A knight's tour is a sequence of moves of a knight on a chessboard such that the knight visits every square only once. If the knight ends on a square that is one knight's move from the beginning square (so that it could tour the board again immediately, following the same path), the tour is closed, otherwise it is open.

For example:

board = Board(4,4)
a = list(dfs_search([0,0], tuple()))

Outputs:

# a[0]

([0, 0], [2, 1], [3, 3], [0, 2], [1, 0], [3, 1], [1, 2], [2, 0], [3, 2], [1, 1], [3, 0], [2, 3], [0, 3], [2, 2], [0, 1], [1, 3])

Most of the outputs are correct, which seems that the recursive function is actually working. The last few vertex, transit from [1,1] to [3,0] is problematic. I've spent hours debugging trying to resolve it, but failed.
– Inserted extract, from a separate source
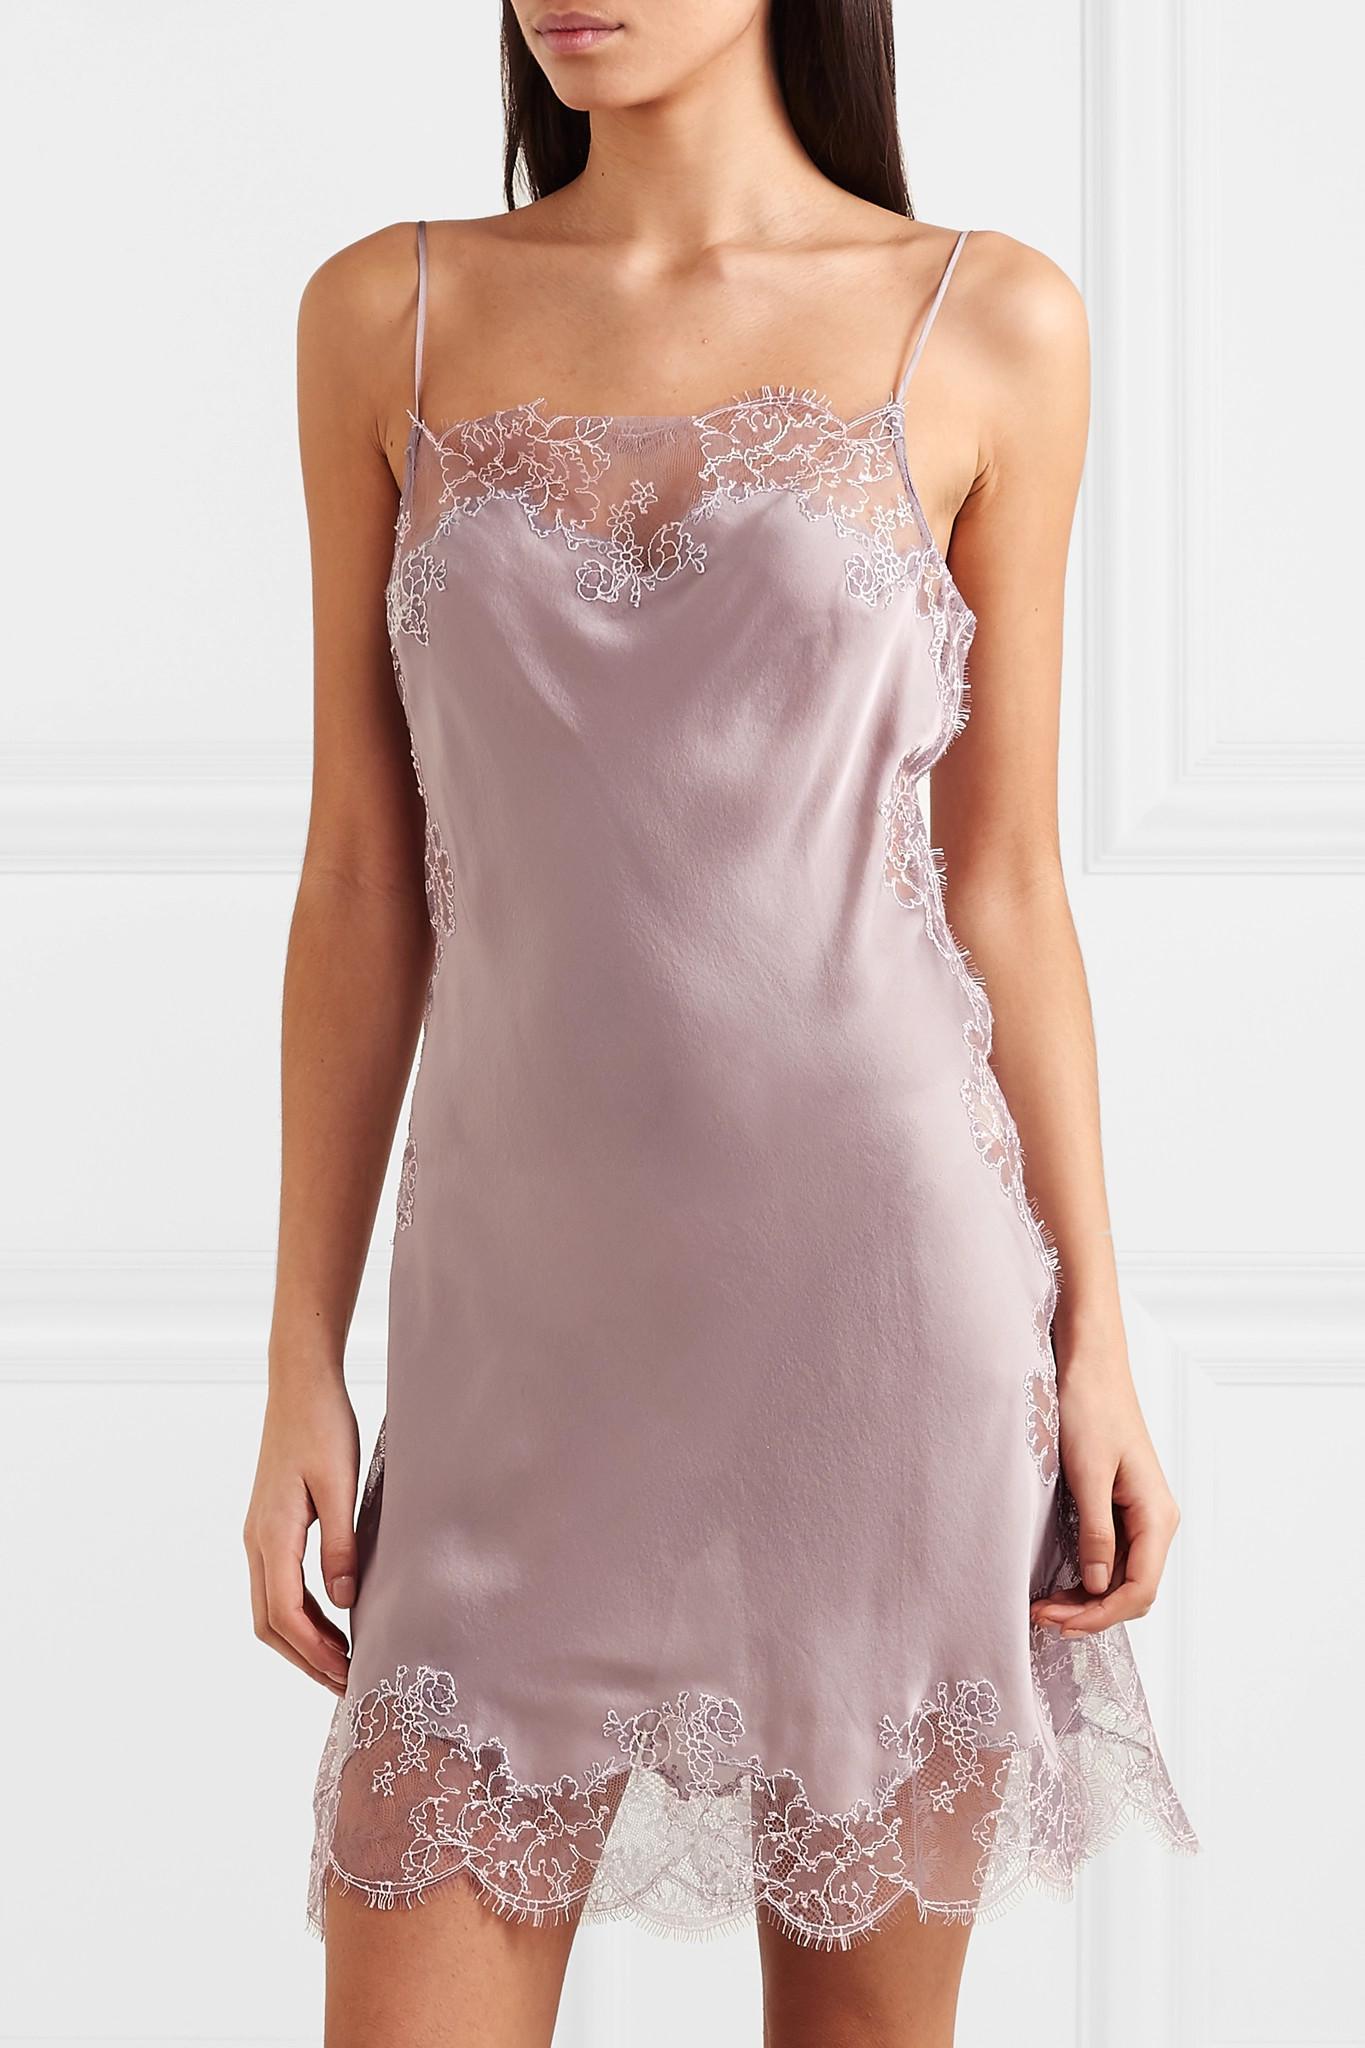 745cbf8719fa5 Carine Gilson - Purple Chantilly Lace-trimmed Silk-satin Chemise - Lyst.  View fullscreen
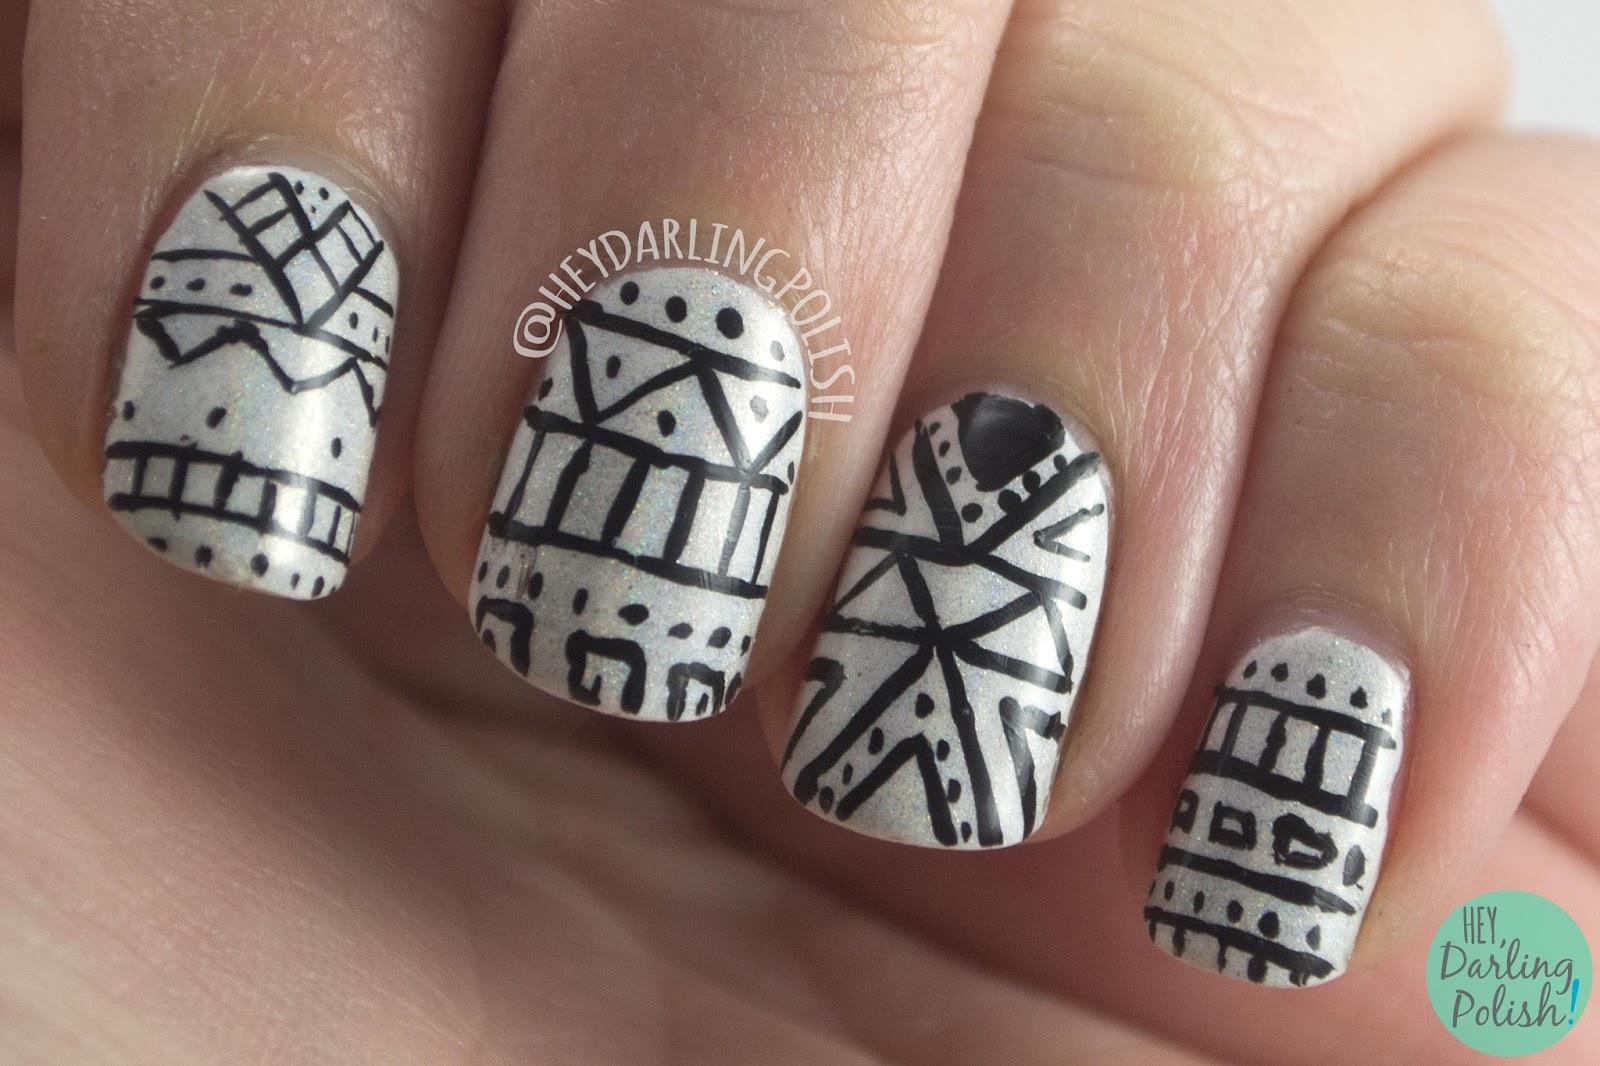 nails, nail art, nail polish, hey darling polish, tribal, black, white, geometric, the nail challenge collaborative

As the last resort, I bring the question here, hoping anyone could shed some light to my implementation.

This is my implemntaion of Knight's tour problem using recusive functions.

def dfs_search(start, path):
    if not path:
        path = (start,)
    if len(path) == board.goal:
        yield path

    for next_cell in board.avaiable_moves(start):
        if next_cell not in path:
            path += (next_cell,)
            yield from dfs_search(next_cell, path)

class Board(object):
    def __init__(self, width, length):
        self.width = width
        self.length = length
        self.goal = width * length


    def is_legit_move(self, cell):
        row, col = cell
        return (row >= 0 and row <= self.width-1) and (col >=0 and col <= self.length-1)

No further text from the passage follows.